Pekanbaru (ANTARA News) - Balai Besar Konservasi Sumber Daya Alam (BBKSDA) Riau mengkonfirmasi kemunculan dua ekor harimau sumatera (Panthera tigris sumatrae) yang memang hewan ternak sapi penduduk di Kecamatan Teluk Meranti, Kabupaten Pelalawan.
"Tim kita bersama dengan Polsek sudah berada di lokasi. Dari pemeriksaan memang ditemukan jejak-jejak harimau, diperkirakan dua ekor," kata Kepala Bidang Wilayah I BBKSDA Riau, Mulyo Hutomo di Pekanbaru, Jumat.
Dari jejak tersebut, dia mengatakan dua ekor harimau yang muncul di Teluk Meranti tersebut diperkirakan dua ekor terdiri satu induk yang membawa anaknya. Hal itu diketahui dari perbedaan ukuran jejak, dimana jejak pertama diperkirakan harimau dewasa sementara jejak lainnya diperkirakan masih anak.
Selain melacak jejak si kucing belang tersebut, dia juga mengatakan pihaknya turut mengumpulkan keterangan dari sejumlah warga.
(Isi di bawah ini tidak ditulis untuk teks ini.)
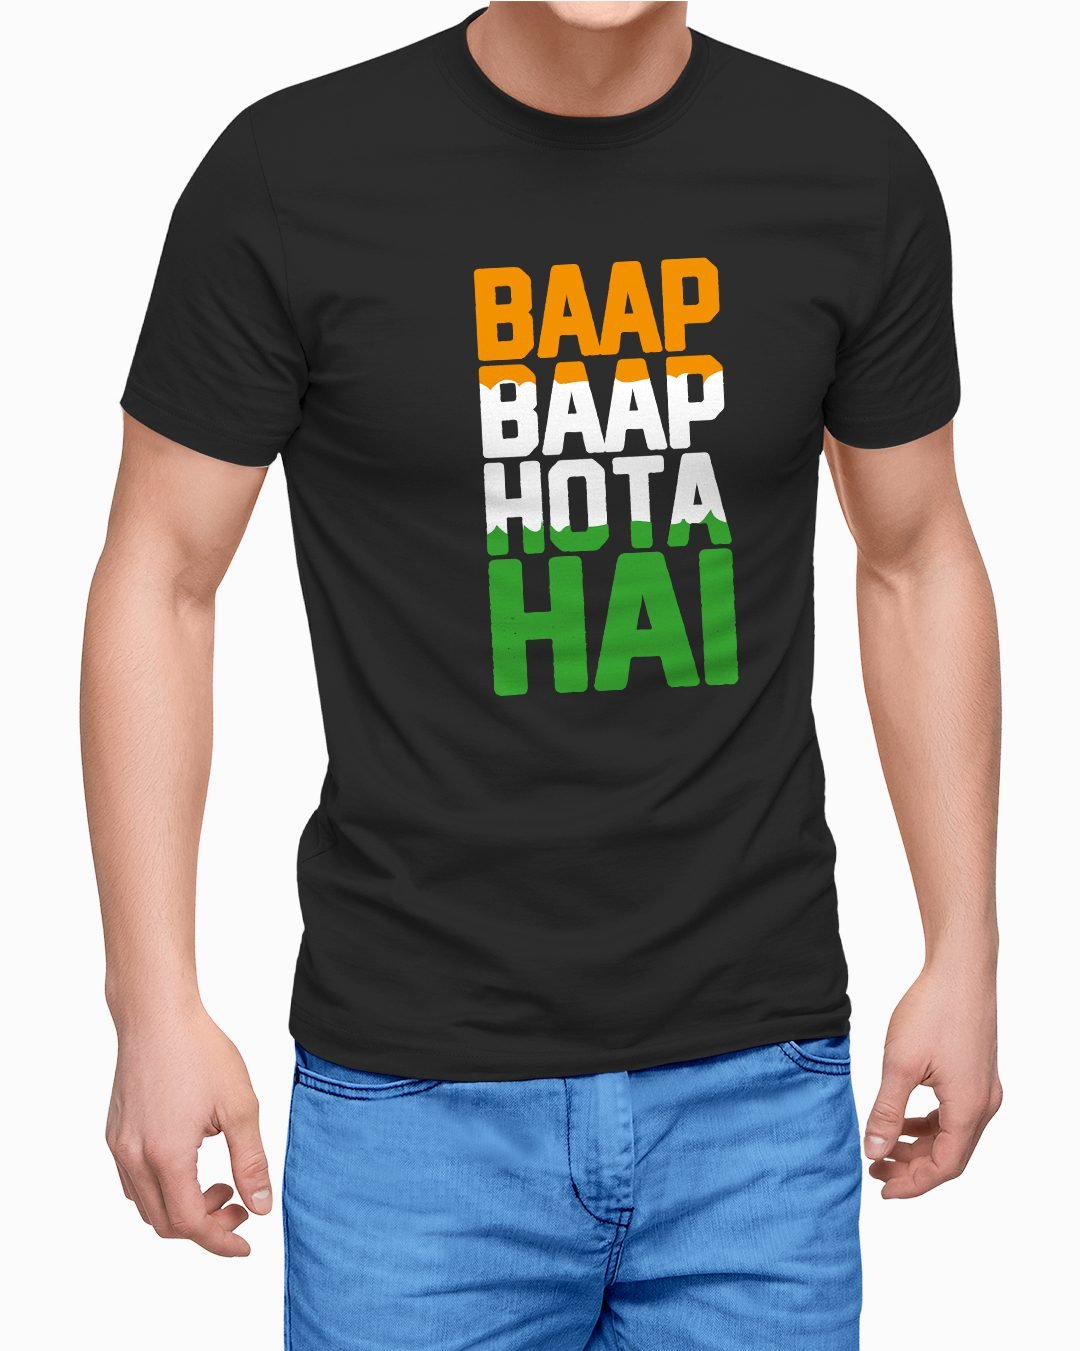 Baap Baap Hota Hai Graphic Printed T-Shirt

Diantaranya adalah Ujang, sang pemilik lembu yang menjadi korban harimau tersebut.
Ujang sendiri, kata Hutomo merupakan bagian dari informan BBKSDA Riau. Dari keterangan Ujang, dia mengatakan harimau telah muncul dalam sebulan terakhir. Namun, dia terus menghilang setelah muncul ke areal pemukiman warga tersebut.
"Dari laporan dia beberapa bulan lalu juga muncul, lalu hilang. Baru kemarin informasinya dia menerkam sapi warga," ujarnya.
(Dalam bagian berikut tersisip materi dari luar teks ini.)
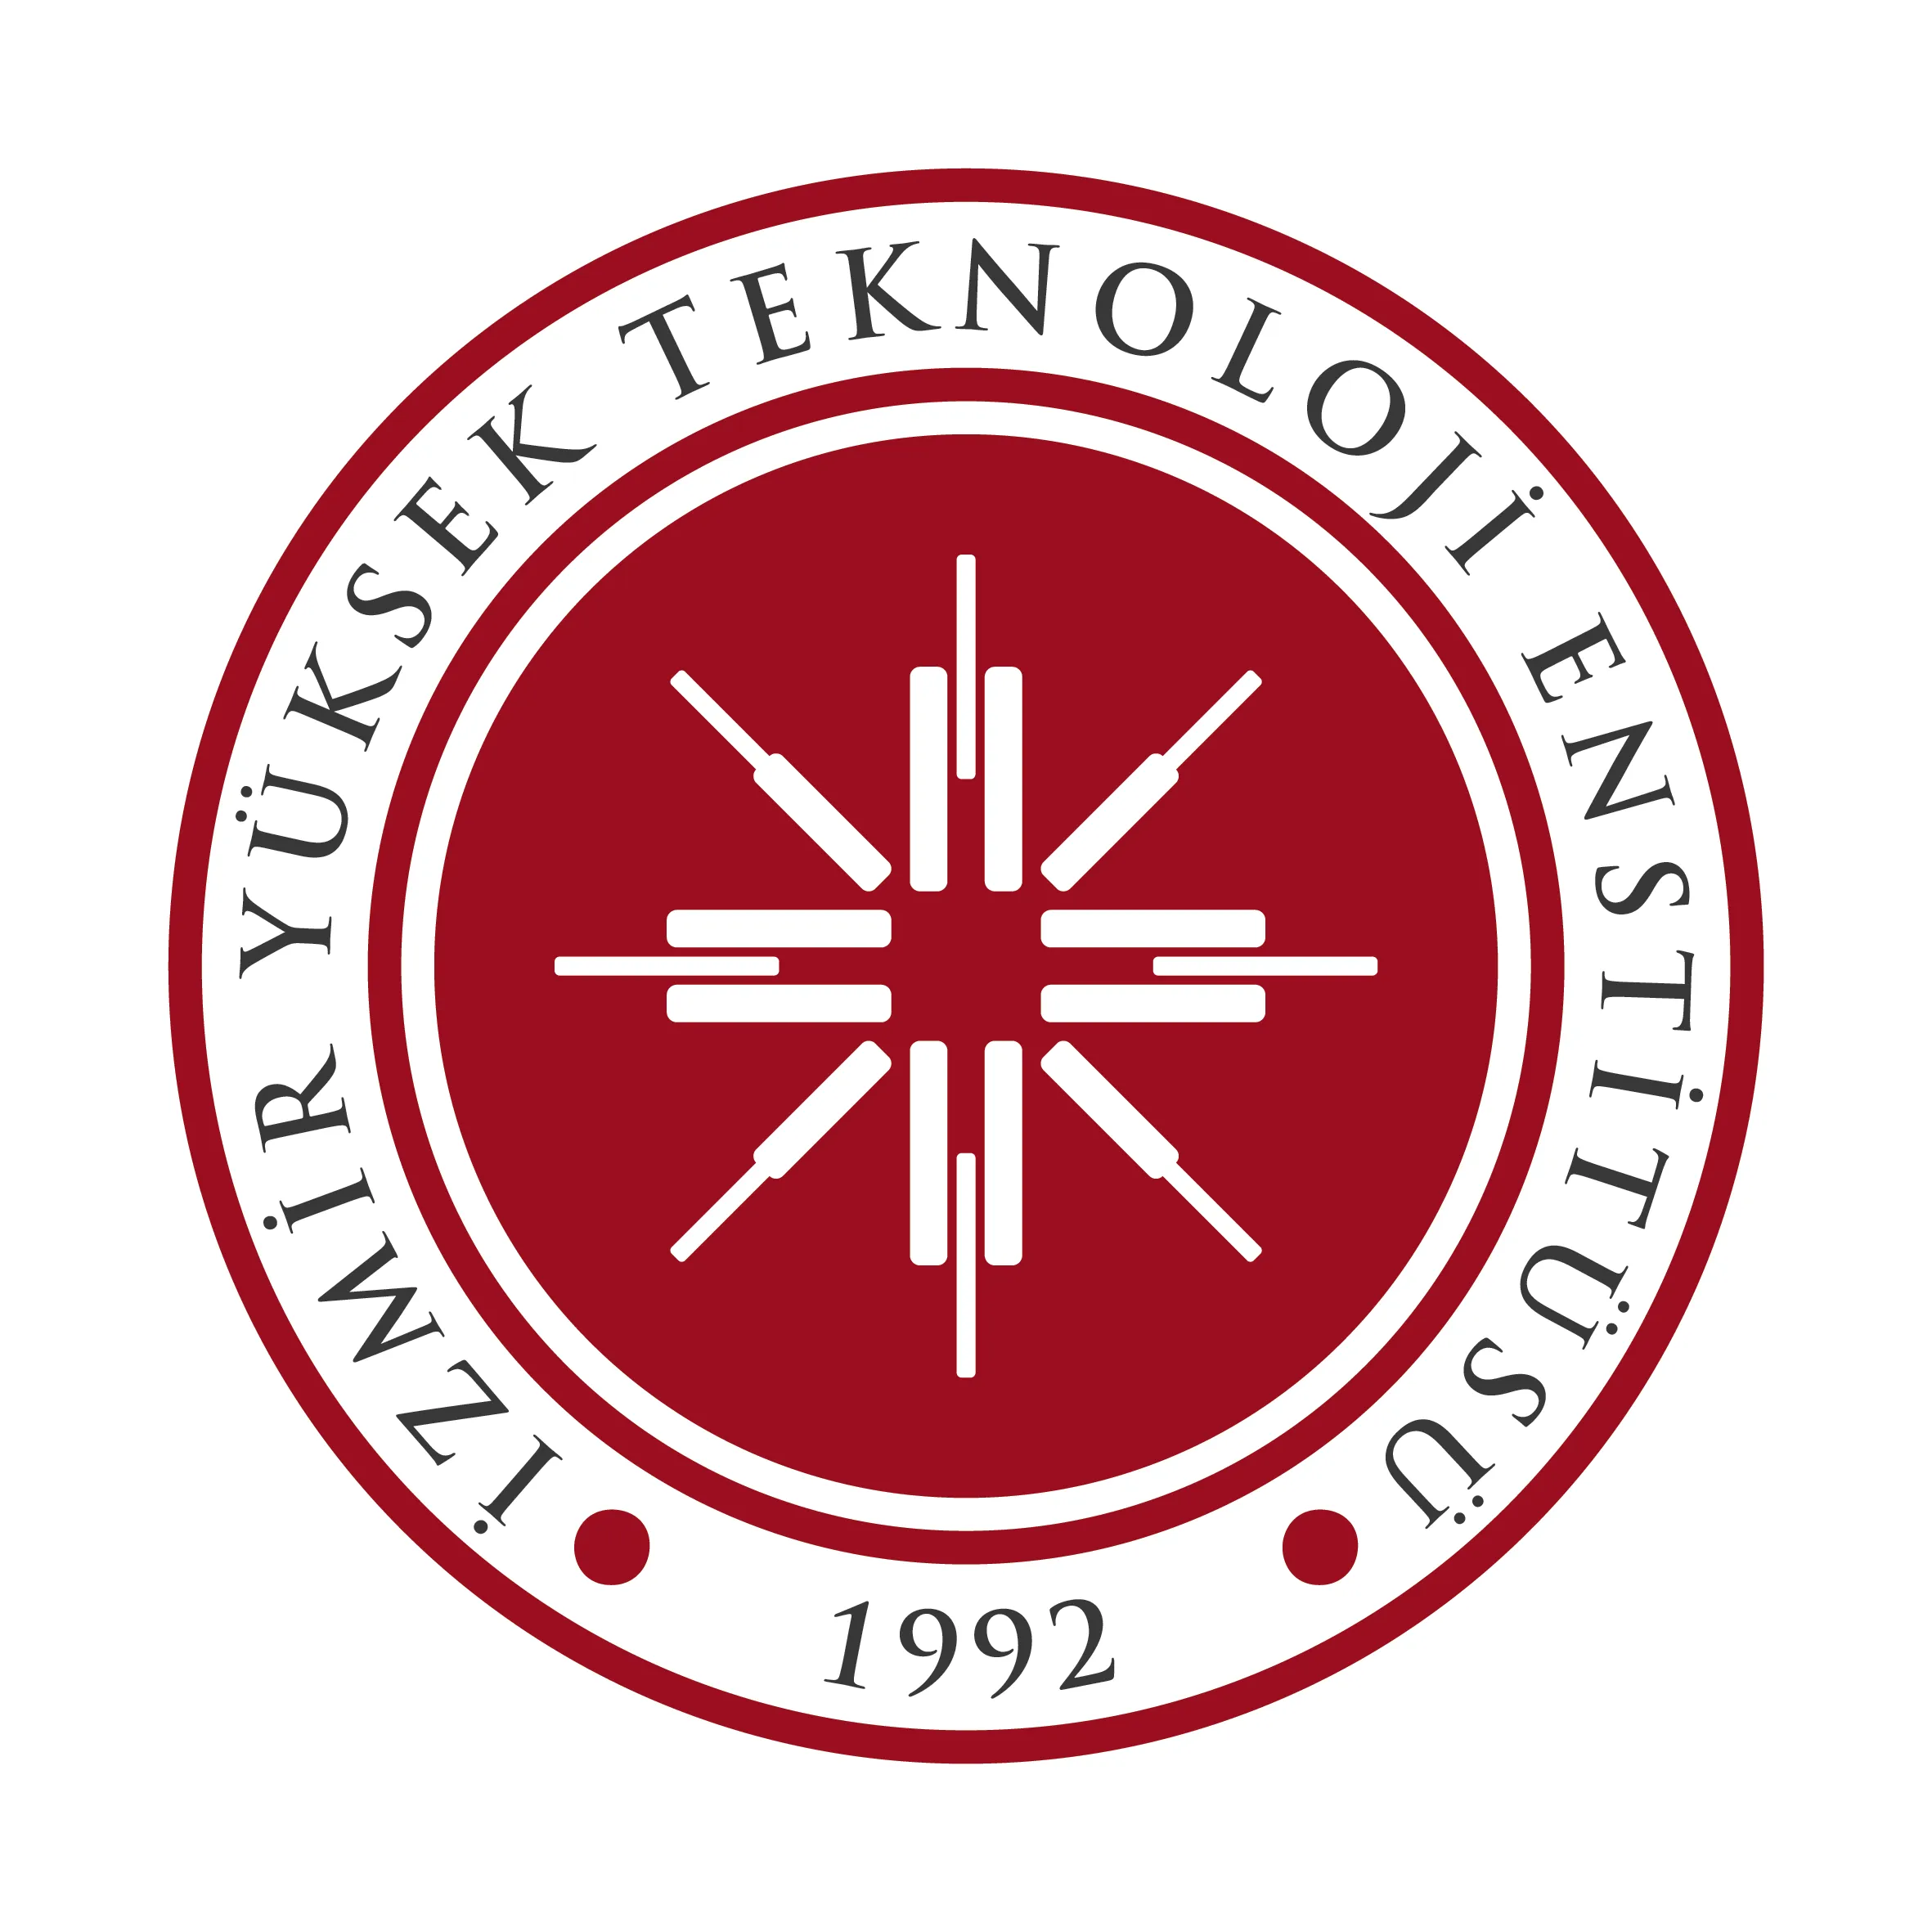 İzmir Yüksek Teknoloji Enstitüsü 19 Araştırma Görevlisi alacaktır Son başvuru tarihi 24 Aralık 2021

Lebih jauh, Hutomo memperkirakan bahwa satwa dilindungi tersebut berasal Swaka Margasatwa Kerumutan. Lokasi harimau muncul itu, kata dia hanya berjarak sekitar 1,5 kilometer dari SM Kerumutan bagian utara.
Selain itu, lokasi tersebut juga tidak jauh dari Kecamatan Pelangiran, Kabupaten Indragiri Hilir. Di lokasi itu, tim gabungan BBKSDA Riau bersama TNI, Polri dan masyarakat terus berupaya melakukan pencarian Bonita, harimau betina berusia empat tahun yang menerkam dua manusia hingga tewas.
Ujang Kirai, warga Teluk Meranti yang sapi peliharaannya diterkam harimau mengatakan sebagian warga sekarang ketakutan karena ini pertama kali harimau menyerang ternak.
"Terakhir kali kejadian seperti ini tujuh tahun lalu, waktu itu harimau menyerang kambing," kata Ujang.
Ia menjelaskan, satwa belang itu menyerang seekor sapinya yang masih berusia lima bulan pada Senin (9/4) malam, sekitar pukul 22.00 WIB. Rumah Ujang Kirai di Teluk Meranti berada tak jauh dari Sungai Kerumutan dan Jalan Lintas Bono. Sungai tersebut mengarah ke Kawasan Suaka Margasatwa Kerumutan, yang menjadi habitat harimau sumatra.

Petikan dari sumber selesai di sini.